Exercise data

══════════

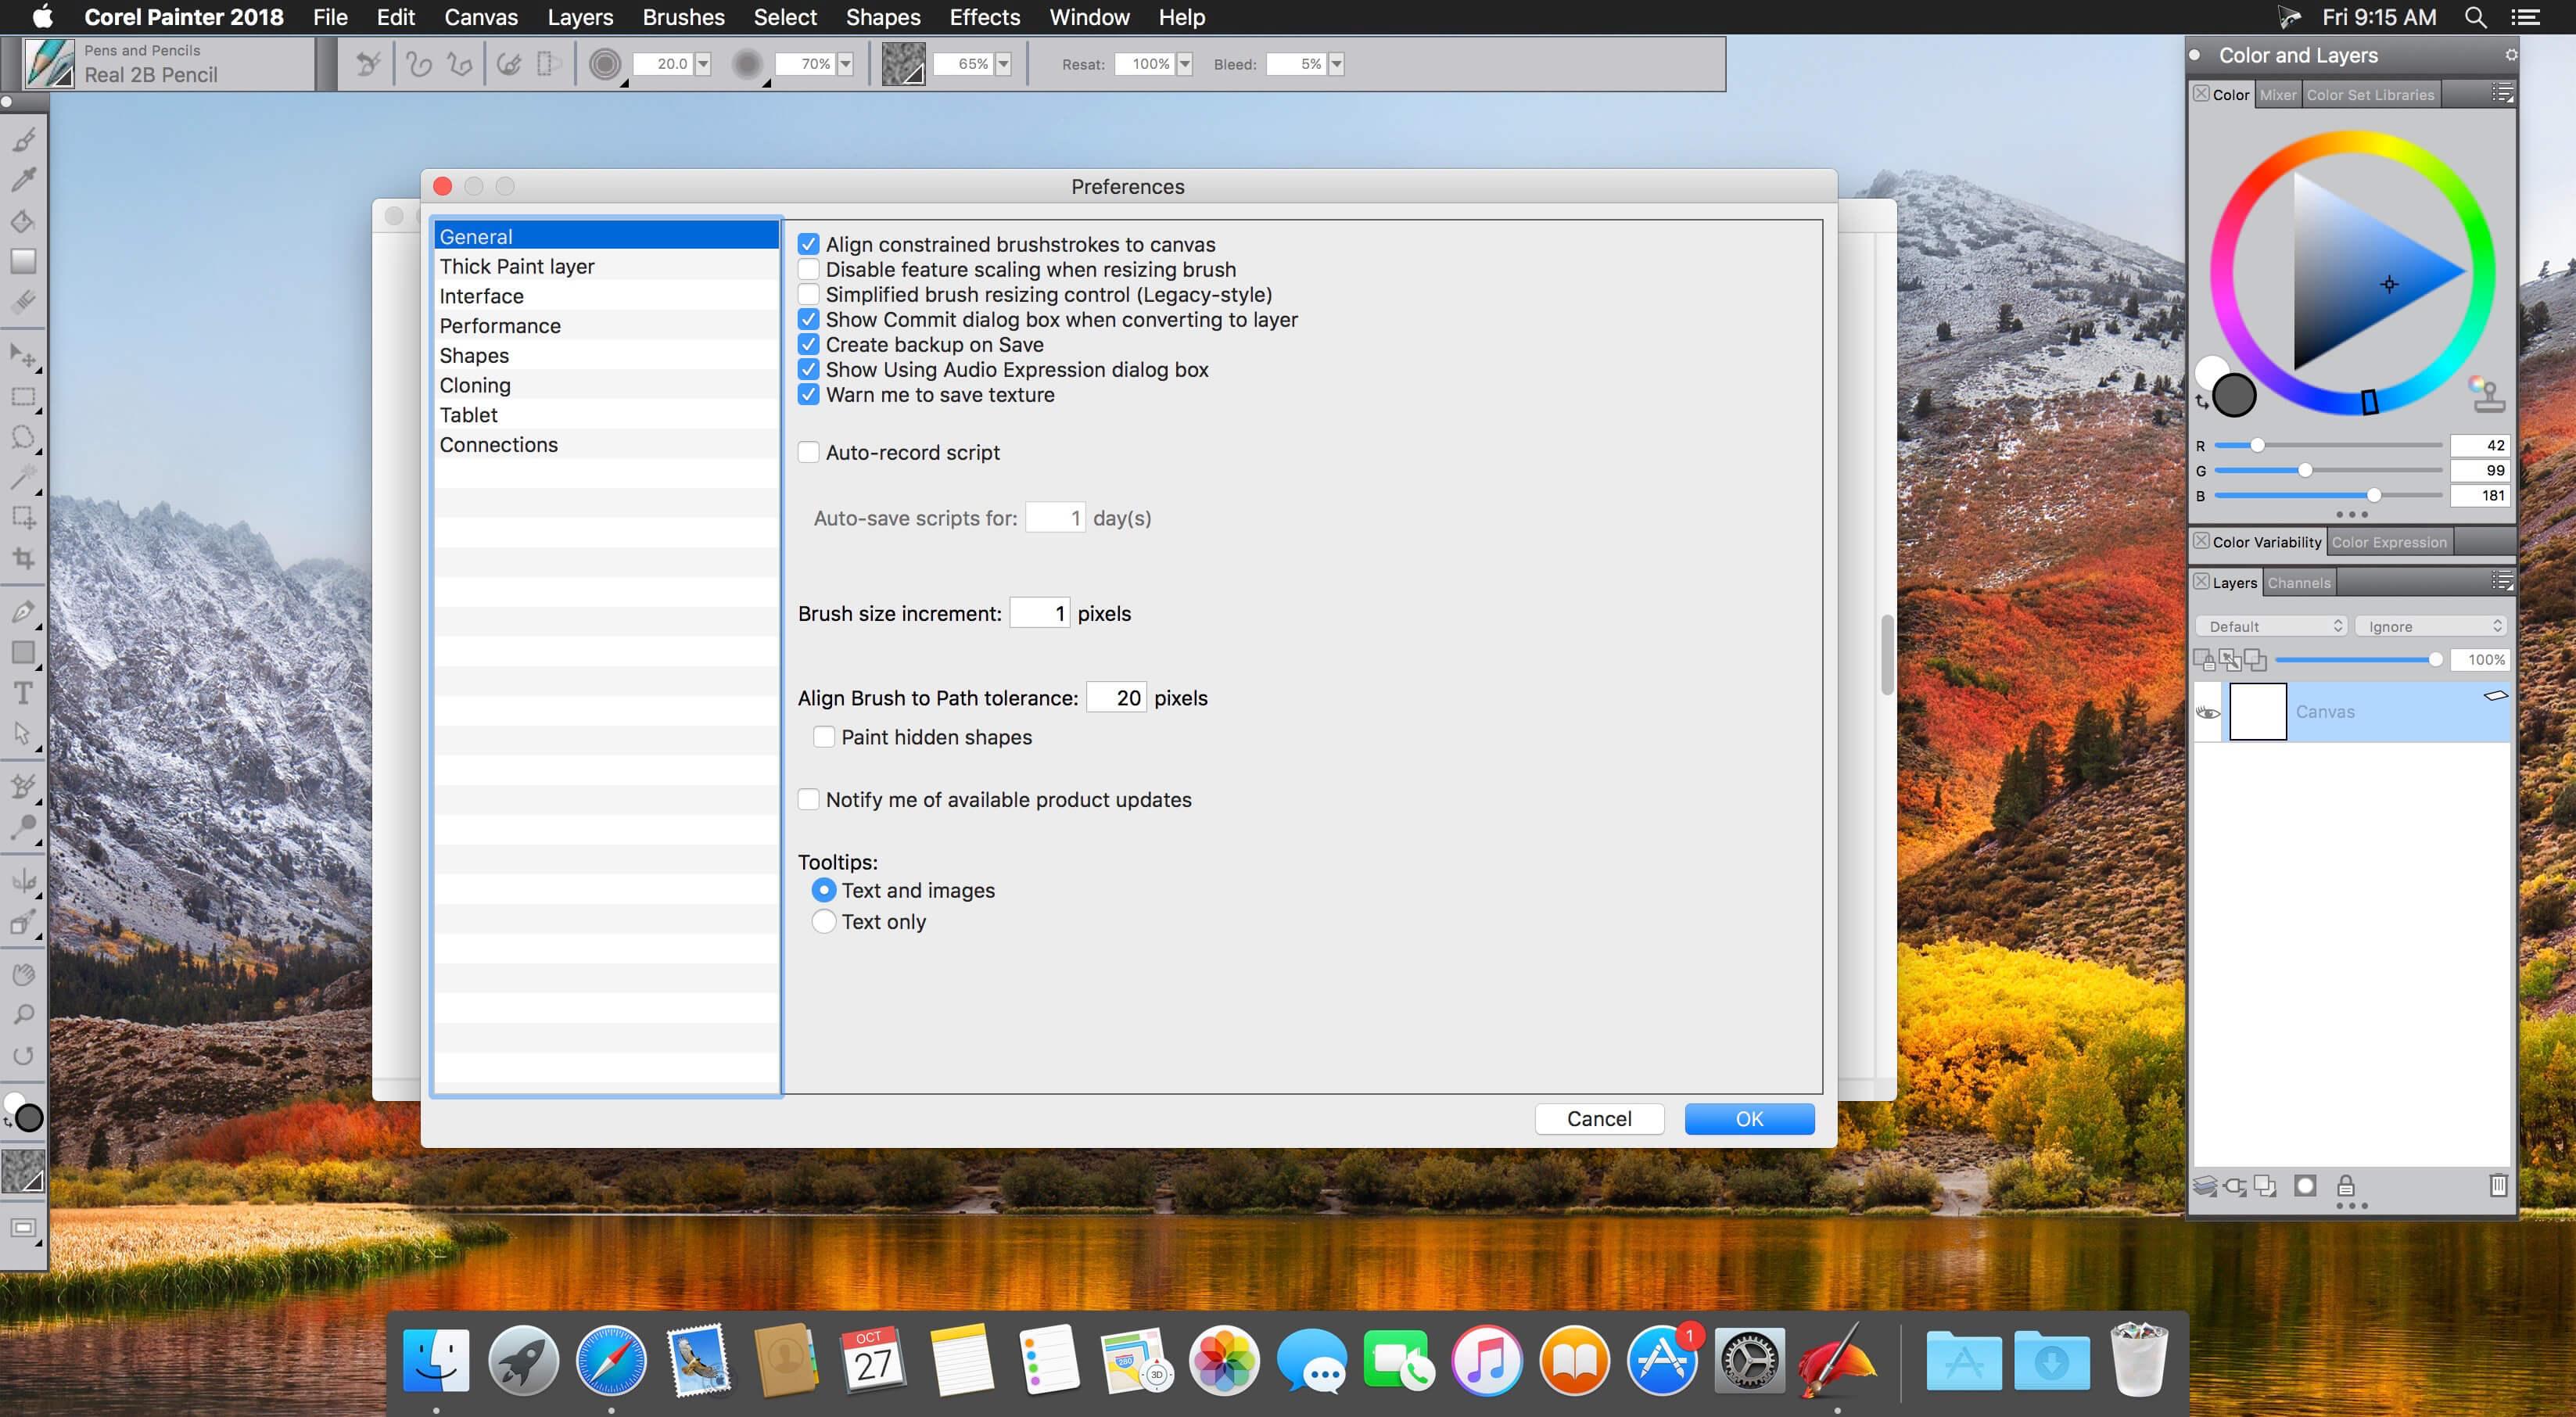 Corel Painter 2019 v19 1 0 487 download | macOS
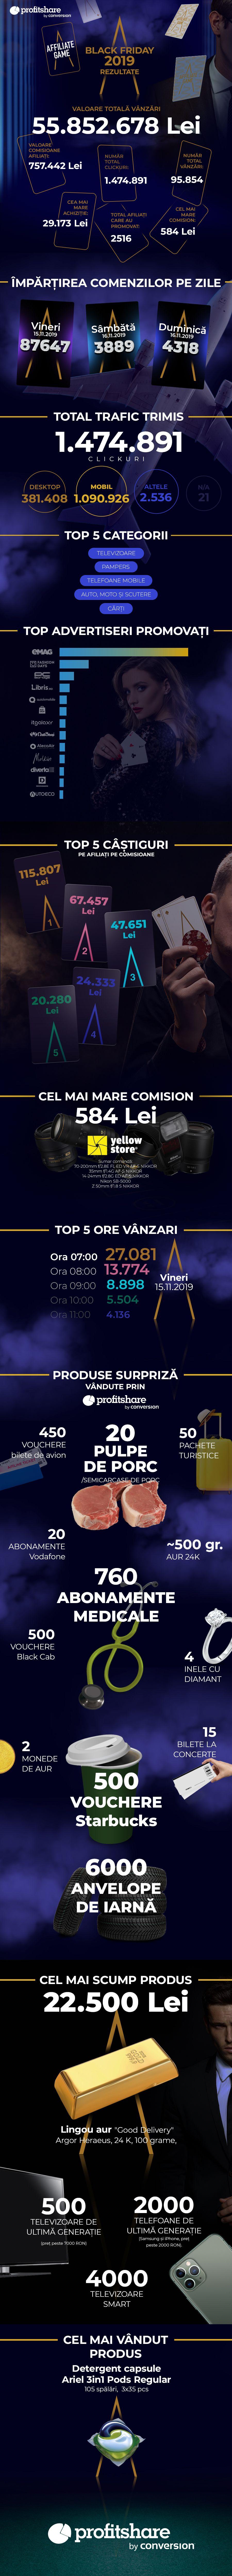 Infografic Profitshare Black Friday 2019
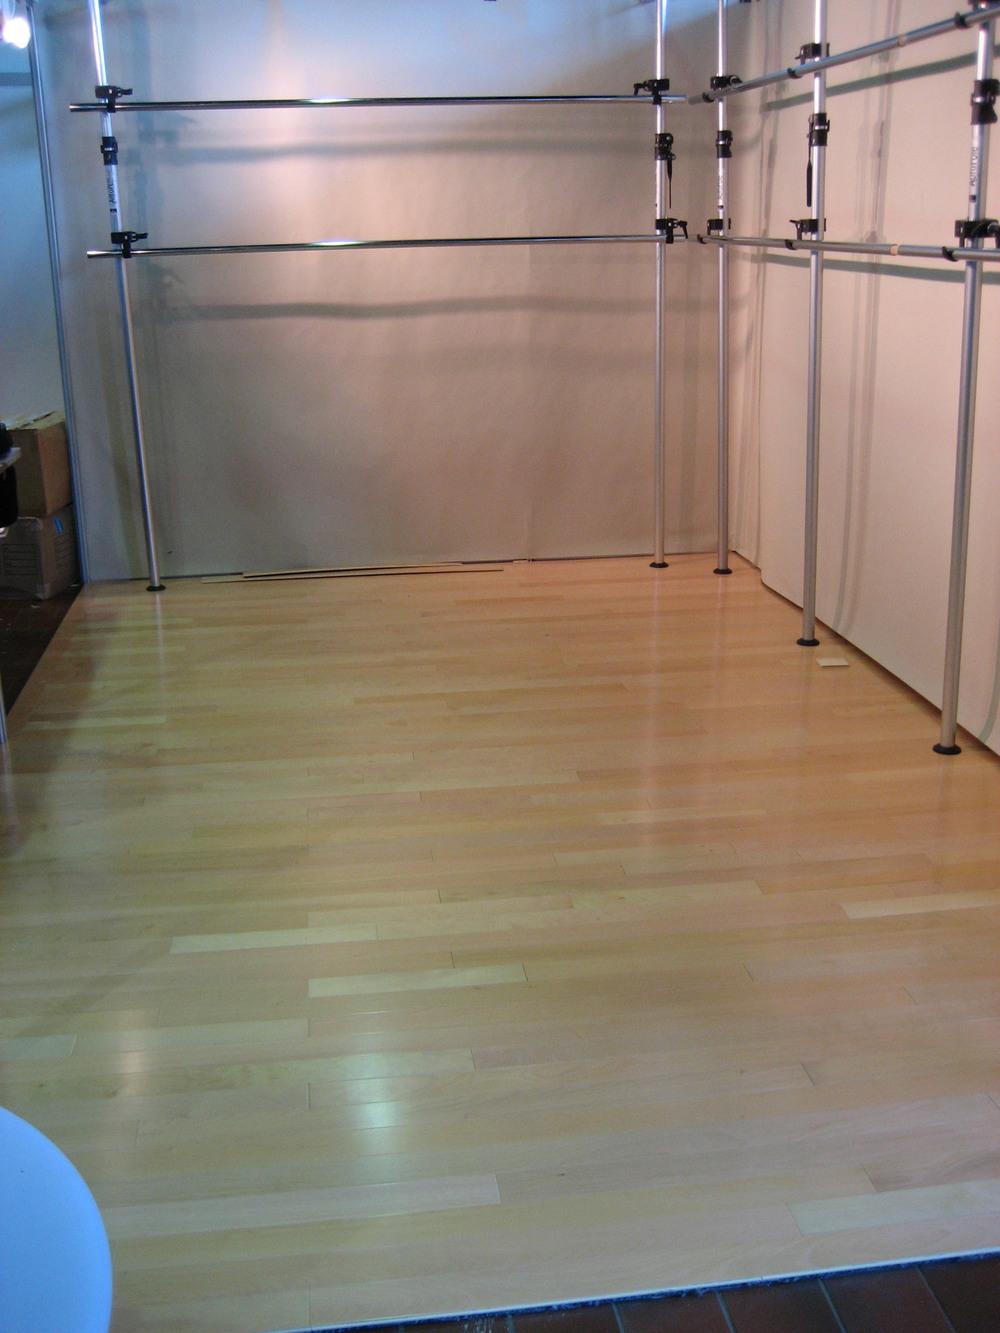 tradeshow-booth-flooring-a1.jpg
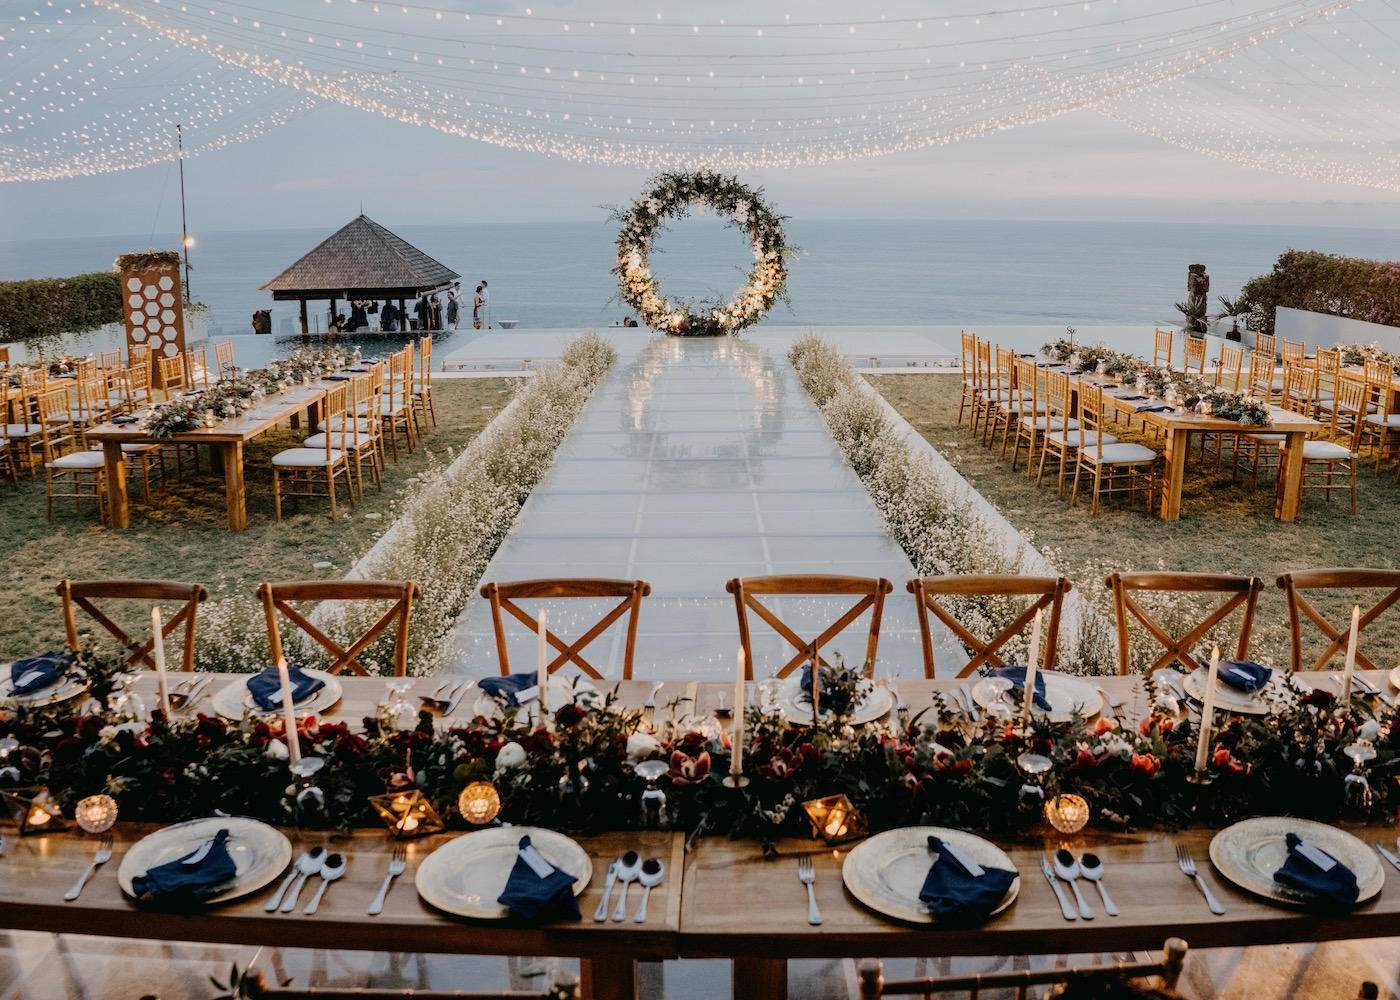 12 GORGEOUS WEDDING VENUES IN BALI | Honeycombers Bali

══════════

In the data, the line that contains "Infografic Profitshare Black Friday 2019" begins the part to write out; restate it and each line after it word for word through the end, with no pictures.

Exercise result
 Infografic Profitshare Black Friday 2019
 tradeshow-booth-flooring-a1.jpg
 12 GORGEOUS WEDDING VENUES IN BALI | Honeycombers Bali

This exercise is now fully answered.